Kafka Connect provides pre-built converters for common data formats such as JSON and Avro, but you can also develop custom converters. You can specify the converter at the connector or task levels, allowing different connectors or tasks to use different data formats.
Code example to initialize converters
Here is how we can initialize the converter.
public class JdbcSourceTask extends SourceTask {
@Override
public void start(Map<String, String> props) {
// Initialize the JSON converter for use
converter = new JsonConverter();
converter.configure(props, false);
}
}
We can implement transform and converter to convert the record into JSON format on each of the records as shown below
public class JdbcSourceTask extends SourceTask {
@Override
public void start(Map<String, String> props) {
}
@Override
public List<SourceRecord> poll() throws InterruptedException {
List<SourceRecord> records = new ArrayList<>();
// retrieve data from the JDBC source connector
List<Map<String, Object>> data = retrieveDataFromJdbcSource();
// Apply the transformation to the data
List<Map<String, Object>> transformedData = new ArrayList<>();
for (Map<String, Object> record : data) {
transformedData.add(transformation.apply(new SourceRecord(null, null, "topic-orders", null, null, null, record))); }
// Convert the transformed data to JSON
List<byte[]> jsonRecords = converter.fromConnectData("topic-orders", Schema.STRING_SCHEMA, transformedData);
// Convert the JSON records to SourceRecords
for (byte[] jsonRecord : jsonRecords) {
SourceRecord sourceRecord = new SourceRecord(null,null,"topic-orders",null,null,null,jsonRecord);
records.add(sourceRecord);
}
return records;
}
n this example, the data is first retrieved from the JDBC source as a list of maps (List<Map<String, Object>> data), then transformed using a transformation object. The transformed data is then converted to JSON using a converter object.
However, since Kafka Connect expects data to be SourceRecord objects, the JSON records are re-converted to SourceRecord objects before they can be sent to the Kafka broker.
Note: if you've already specified the converter in your connector configuration file (mysql-order-connector.json
), you don't need to specify it again in your task code. When you start the Kafka Connect worker and deploy the connector, the worker automatically initiates the converter specified in the connector configuration and passes it to the task.

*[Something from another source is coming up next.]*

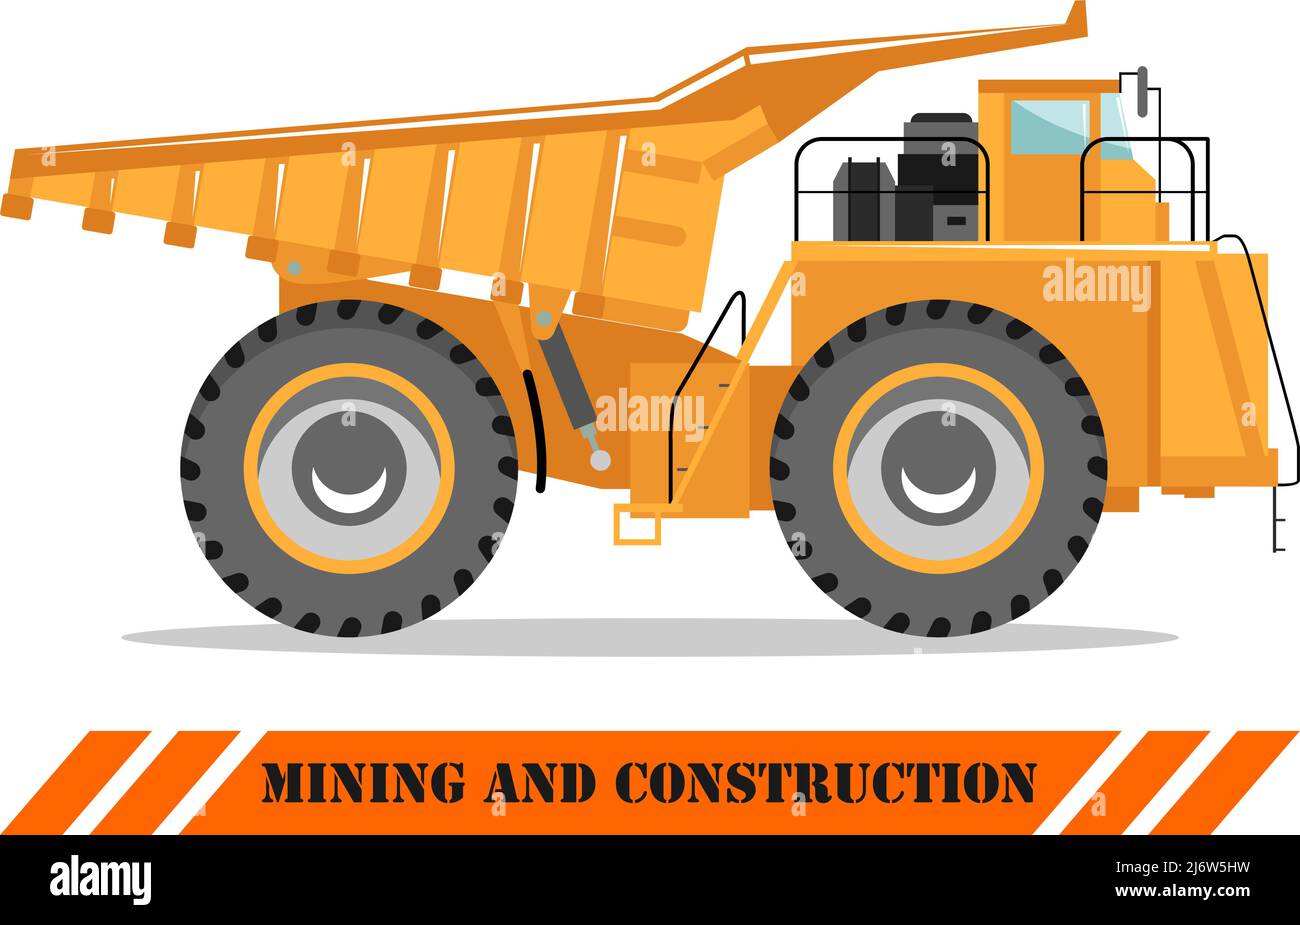 Illustrazione dettagliata delle miniere di carrello. Off-highway truck. Pesante macchina mineraria equipmente e costruzione di macchinari. Illustrazione Vettoriale
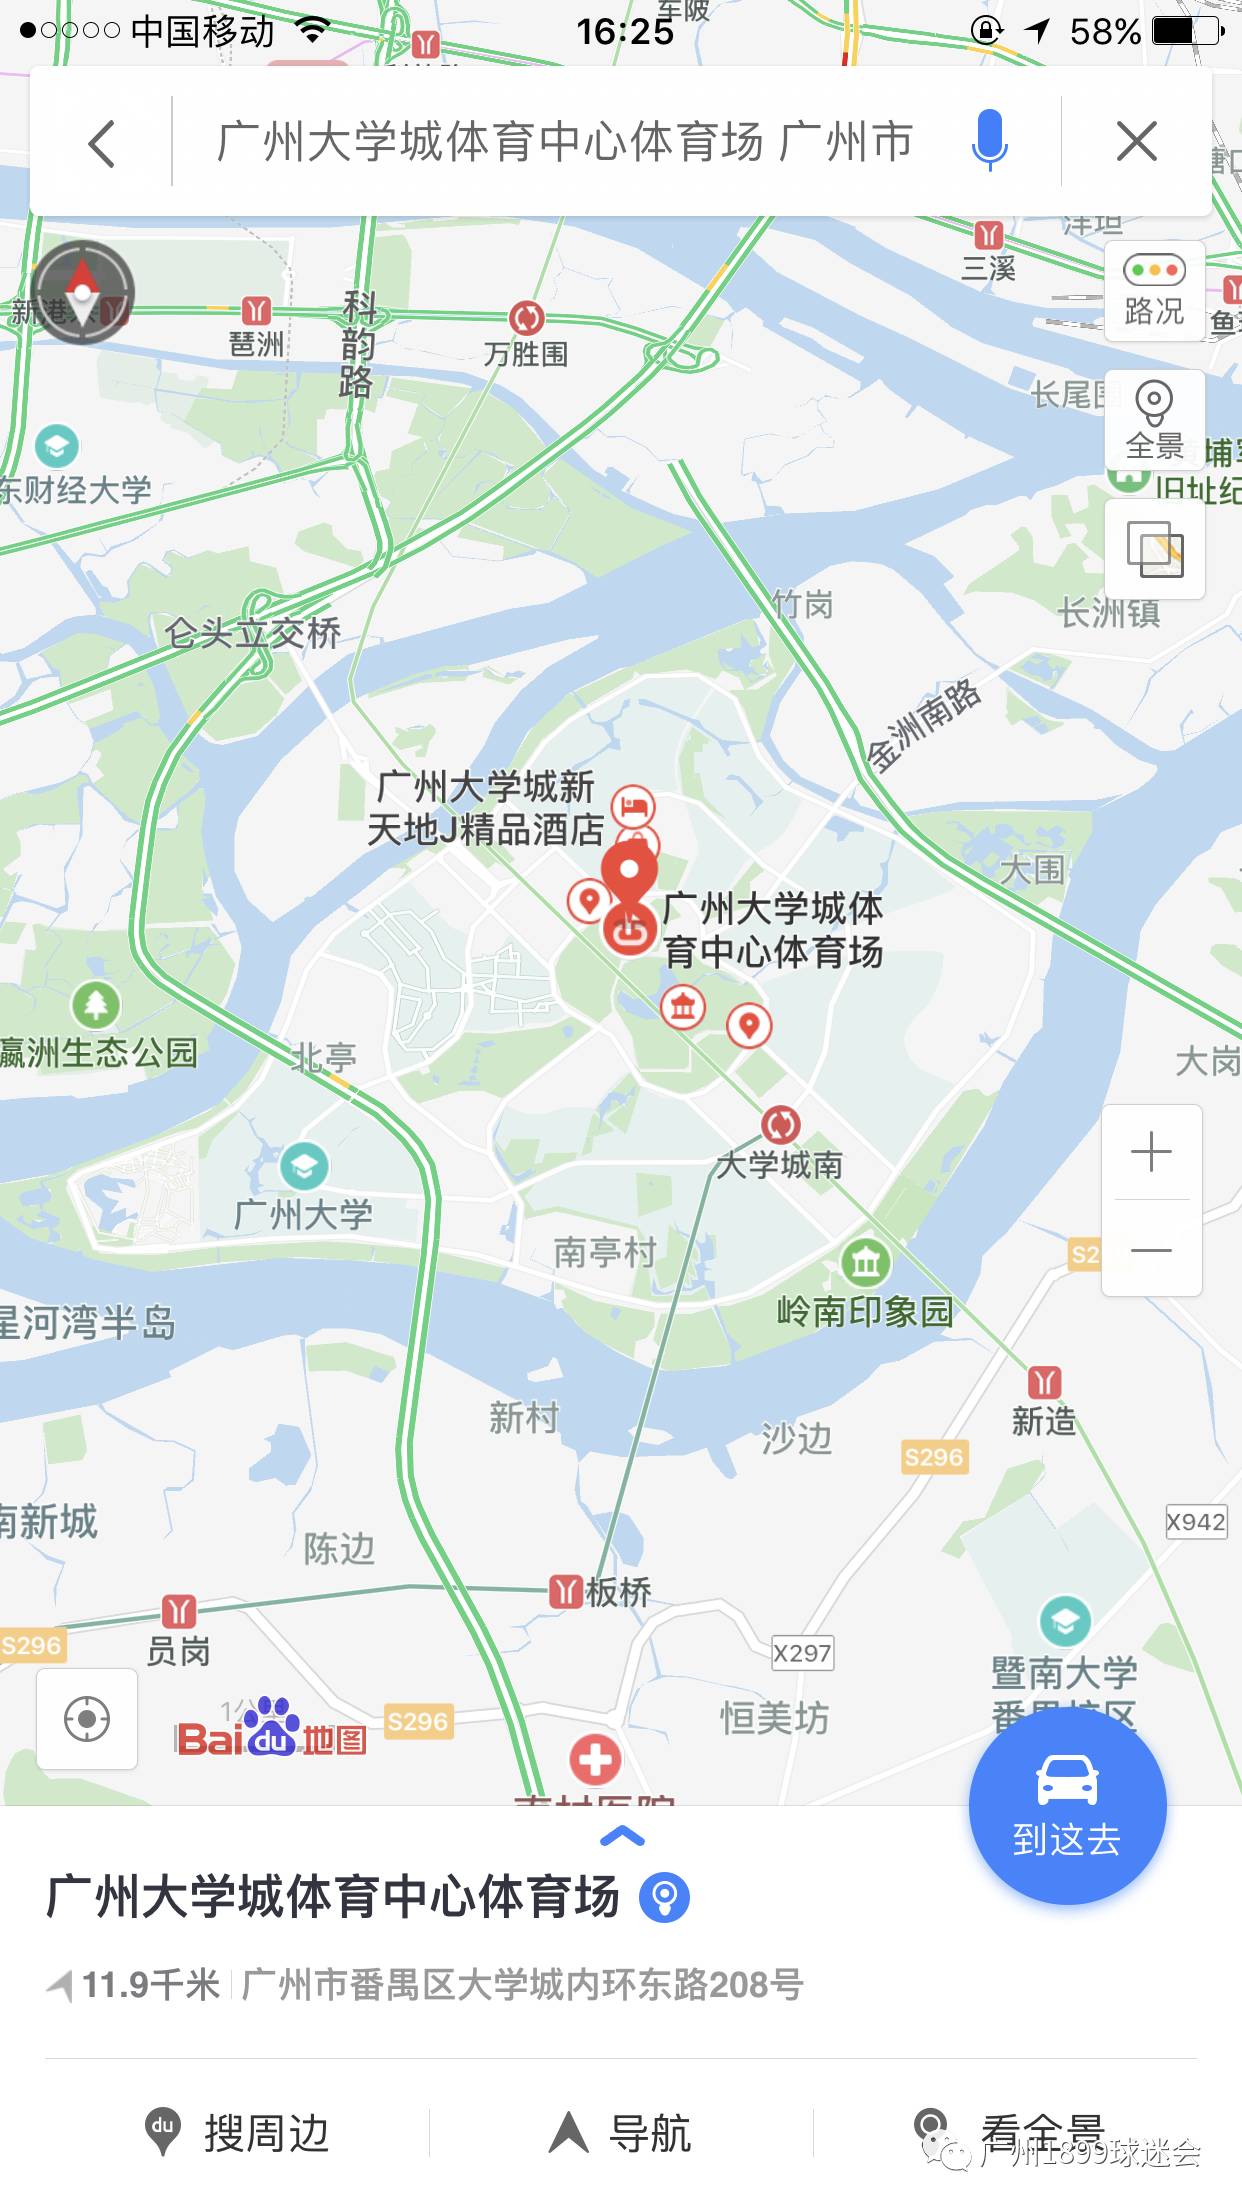 番禺大学城地图图片

Kafka Connect dead-letter queues
Dead-letter queues (DLQs) act as a fail-safe mechanism for critical messages that were not processed successfully. When a message fails to process successfully, it is moved to the DLQ, preventing message loss and enabling developers to detect and resolve the underlying cause of processing failures. You can configure DLQs at the connector or task level to ensure that important messages are not lost.
Code example to configure DLQs
Here is an example of how we can configure a DLQ if some of the Order table records fail to process.
@Override
public void start(Map<String, String> props) {
// Initialize the DLQ transformation
dlqTransformation = new DeadLetterQueueTransformation<>();
// Configure DLQ transformation with DLQ topic & maximum retries
Map<String, String> transformationProps = new HashMap<>();
transformationProps.put("deadletterqueue.topic.name", "orders-dlq");
transformationProps.put("deadletterqueue.max.retries", "3");
dlqTransformation.configure(transformationProps);
// Get the maximum number of retries from the configuration
maxRetries = Integer.parseInt(props.get("max.retries"));
}
@Override
public List<SourceRecord> poll() throws InterruptedException {
List<SourceRecord> sourceRecords = new ArrayList<>();
List<Map<String, Object>> data = retrieveDataFromMySql();
// Process each record
for (Map<String, Object> record : data) {
try {
sourceRecords.add(new SourceRecord(null, null, "topic-orders", null, null, null, record));
} catch (DataException e) {
// DataException indicates a non-retriable error
log.error("Failed to create SourceRecord from data: {}", e.getMessage());
// Move the failed record to the DLQ
dlqTransformation.apply(new SourceRecord(null, null, "topic-orders", null, null, null, record));
} catch (RetriableException e) {
// Retry logic here
}
}
return sourceRecords;
}
Limitations of Kafka Connect
Although Kafka Connect is a powerful tool for creating scalable data pipelines, it does have certain limitations.
Limited options
There are fewer than 20 different types of connectors in Kafka Connect. If a generic connector is unsuitable, you must develop a custom one. Similarly, Kafka Connect only provides a basic set of transformations, and you may also have to write your custom transformations. This can increase the time and effort required for implementation.
Configuration complexity
Kafka Connect configurations quickly become complex, especially when dealing with multiple connectors, tasks, and transformations. This can make managing, maintaining, and troubleshooting the system difficult. It is also challenging to integrate Kafka Connect with other tools that your organization may already be using. This creates a barrier to adoption and slows down the implementation process.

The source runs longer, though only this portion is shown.